Global nuclear disarmament: Don't abandon the dream
Published in The Korea Times, 6 November 2019
With North Korean negotiations going nowhere fast, talk about a South Korean "bomb" growing, all the nuclear-armed states modernizing and expanding their arsenals, and existing U.S.-Russia arms control agreements falling apart, achieving global nuclear disarmament looks ever more like an impossible dream.
But we abandon that dream at our peril. The risk of catastrophic misuse of nuclear weapons, deliberately or ― more likely ― by accident or miscalculation, is as grave and immediate as it has ever been. Climate change is also an existential risk to life on this planet as we know it, but nuclear weapons can kill us a lot faster than CO2.
To recapture the commitment of policymakers, campaigners for nuclear disarmament need to do four things: utilize the power of emotion; utilize the power of reason; unite around a common, realistic disarmament agenda that does not make the best the enemy of the good; and, above all, stay optimistic.
As to emotion, it is important not to underestimate the extent to which, in real world government nuclear decision-making, the sheer indiscriminate inhumanity of any nuclear weapons use already plays a part.
Even the most hard-headed policymakers have to take seriously the profound normative taboo which still exists internationally against any deliberate, aggressive use of nuclear weapons, at least in circumstances where the very survival of a state is not at imminent risk.
Bottom-up civic pressure is a necessary part of most major political change, and the Hiroshima message will always have raw power. But community voices alone are unlikely to move the hard-heads, many of whom quite unashamedly argue that the sheer awfulness of nuclear weapons is what makes them so effective as a deterrent.
What they need to be persuaded about are the strategic arguments against nuclear weapons ― that their benefits are negligible, and far outweighed by the risks involved. It is not hard to make such a rational case.
In terms of deterring war between the major powers, of course "mutually assured destruction" encouraged a degree of caution in how the Soviet Union and U.S. approached each other. But no evidence has ever emerged that either side wanted at any stage to cold-bloodedly initiate a war and was deterred only by the existence of the other side's nuclear arsenal.
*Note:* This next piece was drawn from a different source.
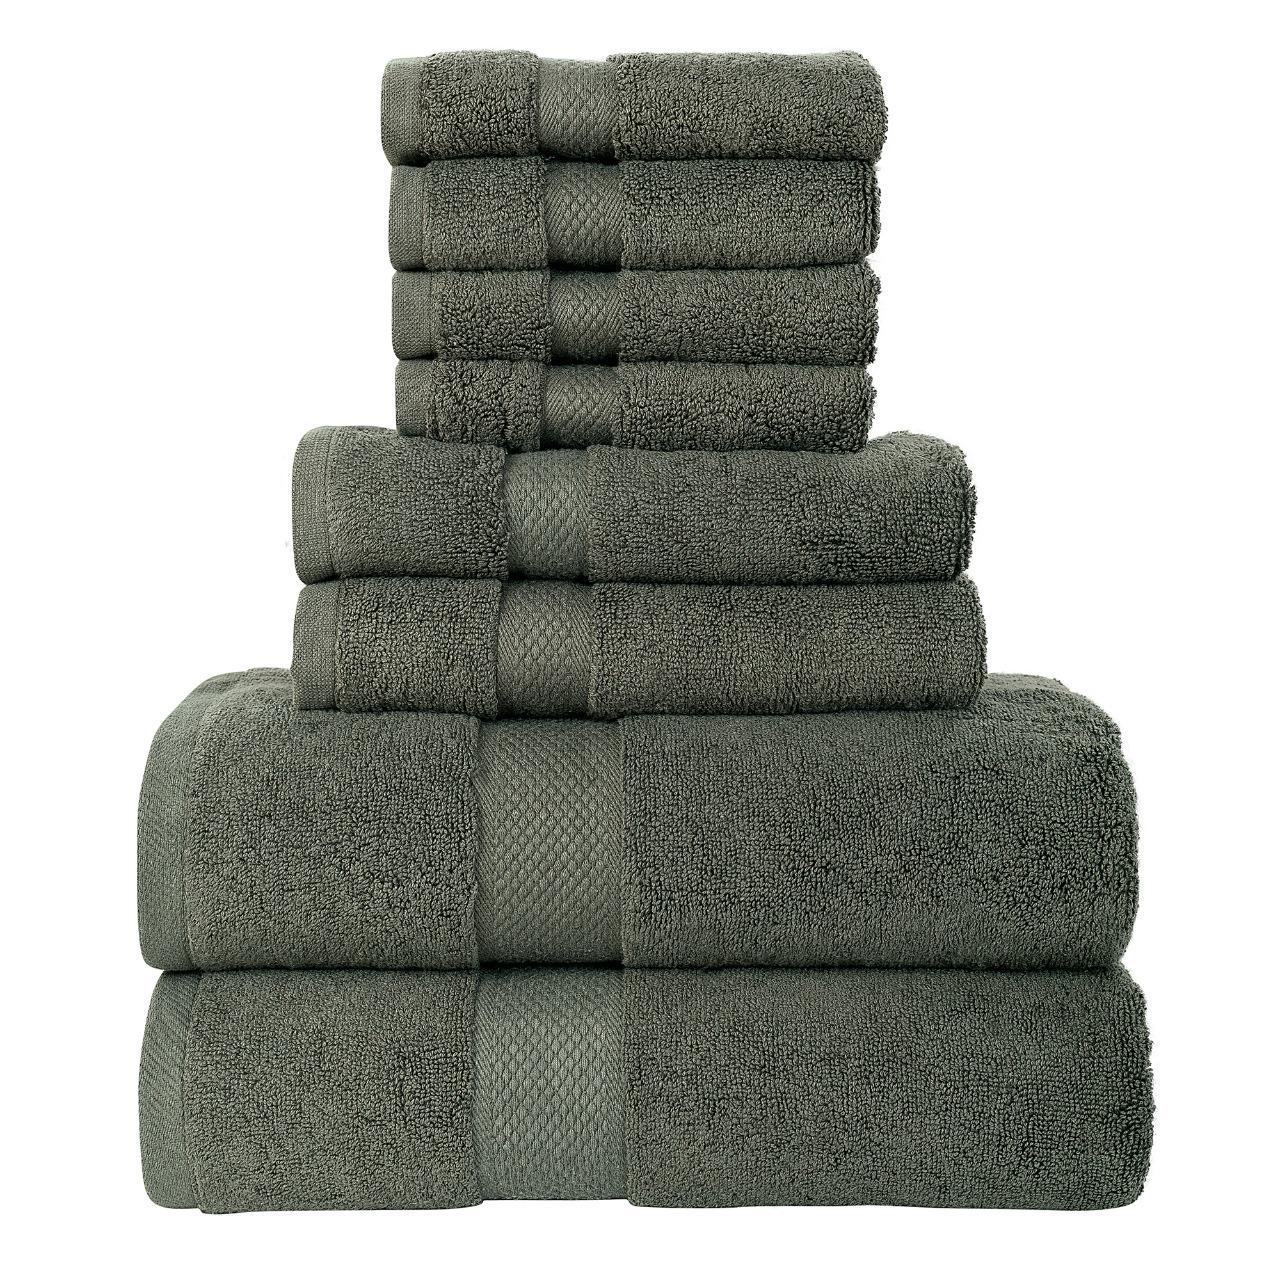 8pcs 700gsm Signature Range Grey Plain 8 Pieces Bale Set Towel

As to nuclear weapons deterring large-scale conventional attacks, there are many cases where non-nuclear powers have either directly attacked nuclear powers, or have not been deterred by the prospect of their intervention: Think of Korea, Vietnam, the Falklands, Afghanistan and the first Gulf war for a start.
As to the apparent belief of some smaller states ― like North Korea ― that a handful of nuclear weapons is their ultimate guarantor against external regime-change-motivated intervention, that is just not well-founded.
Possession of nuclear weapons that it would be manifestly suicidal for a state to use are not a credible deterrent, nor are weapons not supported by infrastructure (for example, missile submarines) that would give them a reasonable prospect of surviving to mount a retaliatory attack. The DPRK knows that nuclear homicide ― against the ROK, Japan or the United States ― means national suicide.
In pursuing both disarmament and non-proliferation ― and indeed in many other policy contexts ― it is critically important to learn the art of compromise. Never make the best the enemy of the good. And that means being particularly careful about how we articulate the "global zero" objective.
However emotionally appealing, the Nuclear Weapons Prohibition Treaty recently negotiated through the U.N. is manifestly not going to get a buy-in from nuclear armed and umbrella states, now or perhaps ever.
Nuclear weapons elimination is only ever going to be achievable on an incremental basis, building into the process a series of way-stations. Such a credible way forward was mapped by the International Commission on Nuclear Non-Proliferation and Disarmament (ICNND), which I co-chaired in 2009 with former Japanese Foreign Minister Yoriko Kawaguchi.
We urged that initial efforts focus not on elimination but on a "minimization" agenda, summarizable as the "4 Ds": Getting a universal buy-in to No First Use (Doctrine), which is already supported at least by China and India; giving that credibility by taking weapons off high-alert (Dealerting); drastically reducing the number of those actively deployed (Deployment); and reducing overall numbers to around 2,000, down from the 15,000+ now in existence (Decreased numbers).
A world with very low numbers of nuclear weapons, with very few physically deployed, practically none of them on high-alert launch status and every nuclear-armed state visibly committed to never being the first to use nuclear weapons would still be very far from being perfect. But it would be a much safer world than the one we live in now.
While the present environment for good policymaking on nuclear disarmament as on much else, is desolate, it is important to keep things in perspective. Wheels do turn and political leaders do change. Optimism is self-reinforcing in the same way that pessimism is self-defeating. So it is up to those of us who hope for a nuclear weapon-free world to believe in it, and get out there and work for it.
Gareth Evans is chair of the Asia-Pacific Leadership Network for Nuclear Non-Proliferation and Disarmament (APLN). He is a former Australian foreign minister. He concurrently serves as the chancellor of the Australian National University, and a co-chair of the International Commission on Nuclear Non-Proliferation and Disarmament.